Jesús se hace presente en la comunidad. Ni siquiera las puertas cerradas (de nuestros miedos, angustias, prejuicios, desesperación, confinamiento por el coronavuris) le impiden estar en medio de aquéllos que no lo reconocen. ¡Hasta el presente es así! Cuando estamos reunidos, también si las puertas están cerradas, ¡Jesús está en medio de nosotros! Y también hoy, la primera palabra de Jesús será siempre: «¡La Paz esté con ustedes!»: así nos visita en nuestro confinamiento para asegurarnos que Él siempre ha estado de nuestro lado, que nos acompaña en esta situación de pandemia para darnos ánimo y devolvernos la esperanza con un saludo vivificador: «La Paz sea con ustedes»

Él les muestra las señales de su pasión en las manos y en su costado. ¡El resucitado es el crucificado! El Jesús que está con nosotros en la comunidad, no es un Jesús glorioso que no tiene nada en común con la vida de la gente. Sino es el mismo Jesús que ha venido a esta tierra y que tiene las señales de su pasión. Y hoy estas mismas señales se encuentran en los sufrimientos de la gente. Son los signos del hambre, de la tortura, de las guerras, de las enfermedades, de la violencia, de las injusticias, de los sufrimientos y angustia producidos por esta pandemia que nos llevó a vivir con las «puertas cerradas». ¡Tantas señales! Y en las personas que reaccionan y luchan por la vida, Jesús resucita y se vuelve presente en medio de nosotros.

«Shalom»: la construcción de la paz

En el evangelio de Juan, el primer encuentro entre Jesús resucitado y sus discípulos está marcado por el saludo: «¡La paz esté con vosotros!». La paz que Jesús nos da es diversa de la «Pax Romana», construida por el Imperio Romano: «no se la doy como la da el mundo». Paz en la Biblia («shalom») es una palabra rica de un profundo significado. Significa integridad de las personas delante de Dios y de los otros. Significa también vida plena, feliz, abundante.

La paz es señal de presencia de Dios, porque nuestro Dios es un Dios de paz. «Javhé es Paz. «¡Que la Paz de Dios está con ustedes!». -Por esto, la propuesta de paz de Dios produce reacciones violentas. Como dice el salmo: «Desde mucho tiempo vivo con los que odian la paz. Estoy a favor de la paz, pero cuando yo digo “¡Paz!” ellos gritan “¡Guerra!”» La paz que Jesús nos da es señal de “espada”. Supone persecuciones para las Comunidades. Y el mismo Jesús nos anuncia tribulaciones.
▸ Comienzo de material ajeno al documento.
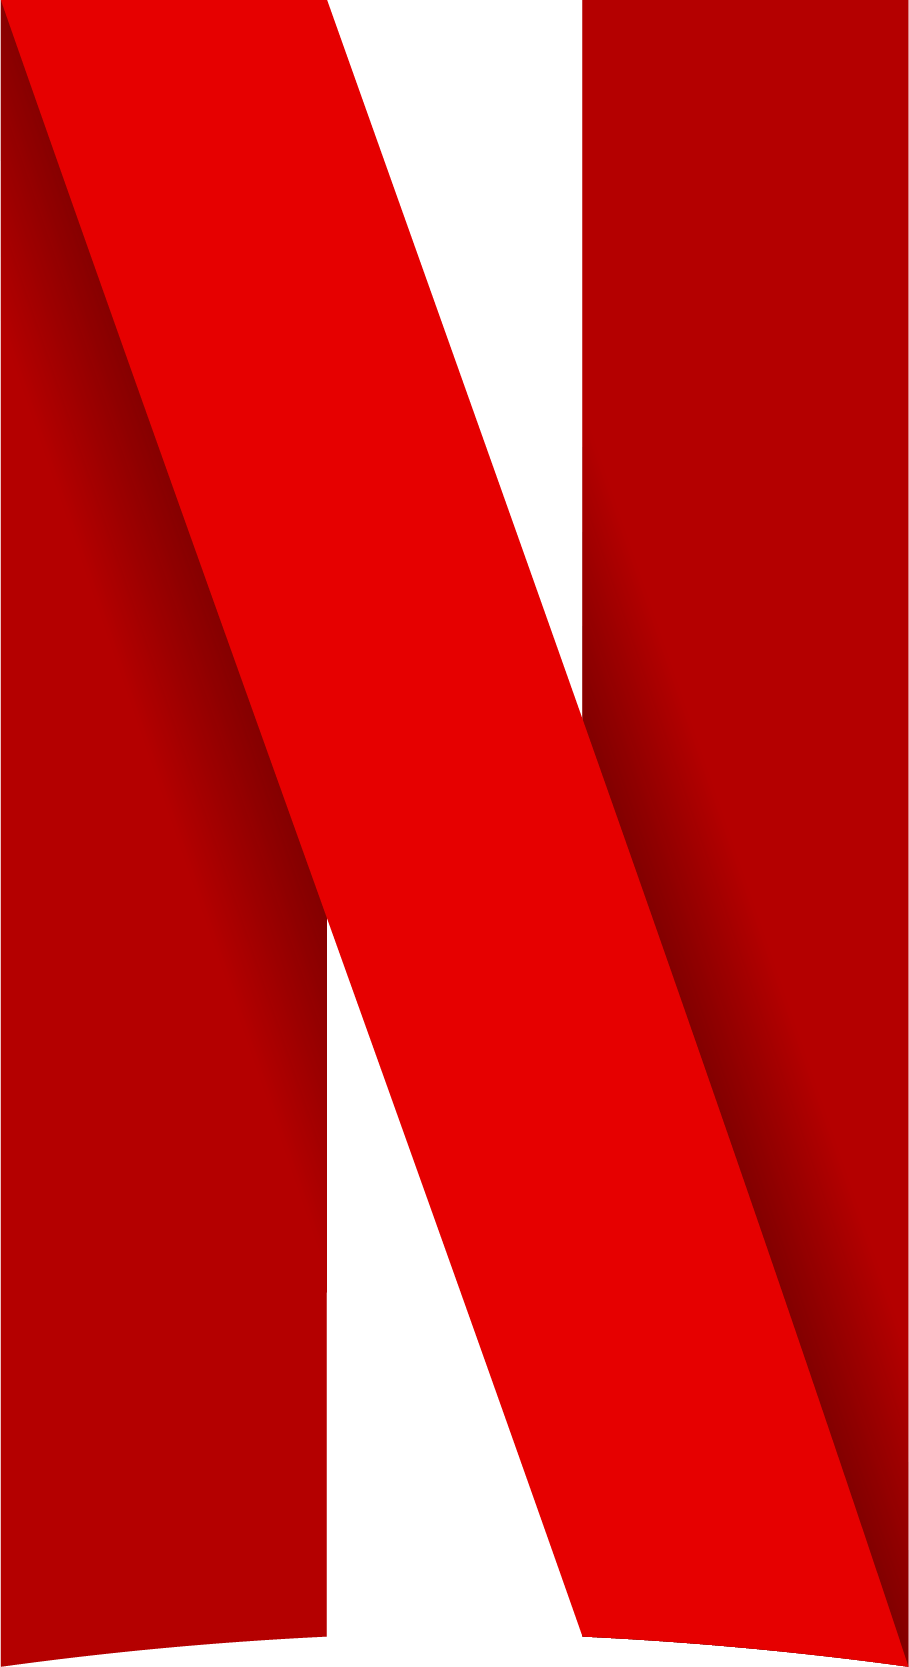 Nwtflix Logo - Netflix
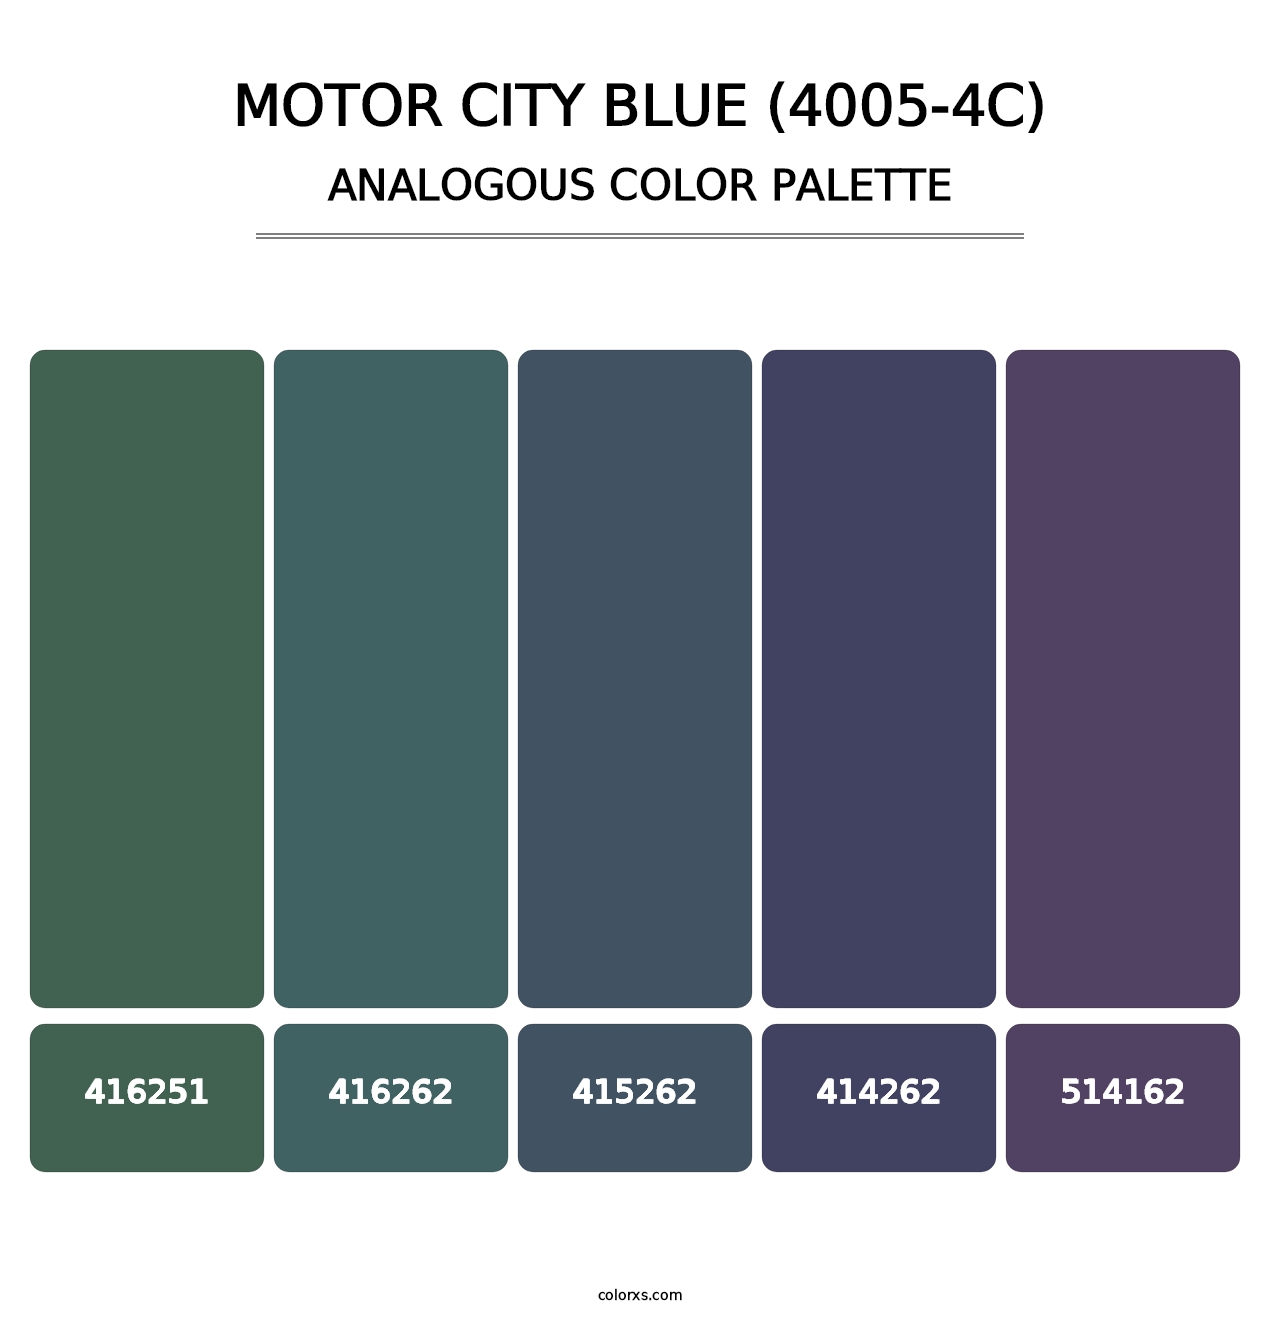 Motor City Blue (4005-4C) - Analogous Color Palette

Es necesario tener confianza, luchar, obrar, perseverar en el Espíritu de modo que un día triunfe la paz de Dios Y entonces, «el Reino de Dios será justicia, paz y alegría y estos serán los frutos del Espíritu Santo» y «Dios será todo en todos.

 A qué nos compromete la Palabra

«Así como el músico, con la lira bien templada, ejecuta una armonía, combinando con los recursos del arte los sonidos graves con los agudos y los intermedios, así también la sabiduría de Dios, teniendo en sus manos el universo como una lira, une las cosas gobernándolas con su voluntad y beneplácito» (San Atanasio)

PENTECOSTES es una experiencia de COMUNION y de AMOR.

Contemplemos este Misterio insondable, a la luz de la Encíclica «Dios es amor» (Deus caritas est (DCE)) del Papa Benedicto XVI: «No se comienza a ser cristiano por una decisión ética o una gran idea, sino por el encuentro con un acontecimiento, con una Persona, que da un nuevo horizonte a la vida y, con ello, una orientación decisiva... Y, puesto que es Dios quien nos ha amado primero, ahora el amor ya no es sólo un “mandamiento”, sino la respuesta al don del amor, con el cual viene a nuestro encuentro».

Esto es acción del Espíritu Santo en el creyente y en la Iglesia.

«Ahora el amor es ocuparse y preocuparse por el otro. Ya no se busca a sí mismo, sumirse en la embriaguez de la felicidad, sino que ansía más bien el bien del amado: se convierte en renuncia, está dispuesto al sacrificio, más aún, lo busca»

Fue el Espíritu Santo quien sacó a los discípulos del encerramiento y los lanzó a la misión, al servicio del Evangelio para los demás. «Amor a Dios y amor al prójimo se funden entre sí: en el más humilde encontramos a Jesús mismo y en Jesús encontramos a Dios»

Relación con la Eucaristía

El relato de Pentecostés es lo que ocurre en la celebración. Reunidos en torno de Jesús los hijos de adopción damos gracias; unidos en el amor de su Espíritu, hacemos una comunidad con los dones que El nos da.